- _ABOUT THIS EXERCISE_: Keep only those lines of the records that include the string "Page".
----------
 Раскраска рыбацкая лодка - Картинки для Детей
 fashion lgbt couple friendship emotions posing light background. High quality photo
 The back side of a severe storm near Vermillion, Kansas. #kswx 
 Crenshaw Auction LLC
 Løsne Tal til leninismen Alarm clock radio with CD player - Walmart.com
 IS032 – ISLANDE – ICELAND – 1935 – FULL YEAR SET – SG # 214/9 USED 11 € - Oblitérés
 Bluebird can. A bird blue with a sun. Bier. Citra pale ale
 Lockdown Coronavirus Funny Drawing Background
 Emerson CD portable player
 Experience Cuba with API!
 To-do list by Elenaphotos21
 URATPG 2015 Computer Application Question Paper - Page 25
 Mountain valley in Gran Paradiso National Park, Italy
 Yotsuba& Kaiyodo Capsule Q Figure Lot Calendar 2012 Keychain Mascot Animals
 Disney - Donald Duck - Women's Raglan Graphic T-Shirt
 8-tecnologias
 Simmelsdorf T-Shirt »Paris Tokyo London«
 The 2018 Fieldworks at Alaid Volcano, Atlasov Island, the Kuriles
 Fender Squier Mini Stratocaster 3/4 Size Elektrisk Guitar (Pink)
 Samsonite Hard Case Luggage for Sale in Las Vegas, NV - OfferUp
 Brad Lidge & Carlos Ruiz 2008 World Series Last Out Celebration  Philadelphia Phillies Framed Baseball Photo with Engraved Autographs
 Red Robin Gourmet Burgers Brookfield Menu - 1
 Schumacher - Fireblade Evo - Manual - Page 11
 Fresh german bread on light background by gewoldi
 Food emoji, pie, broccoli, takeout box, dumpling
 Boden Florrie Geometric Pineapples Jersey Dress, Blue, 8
----------
- _TASK ANSWER_:
 URATPG 2015 Computer Application Question Paper - Page 25
 Schumacher - Fireblade Evo - Manual - Page 11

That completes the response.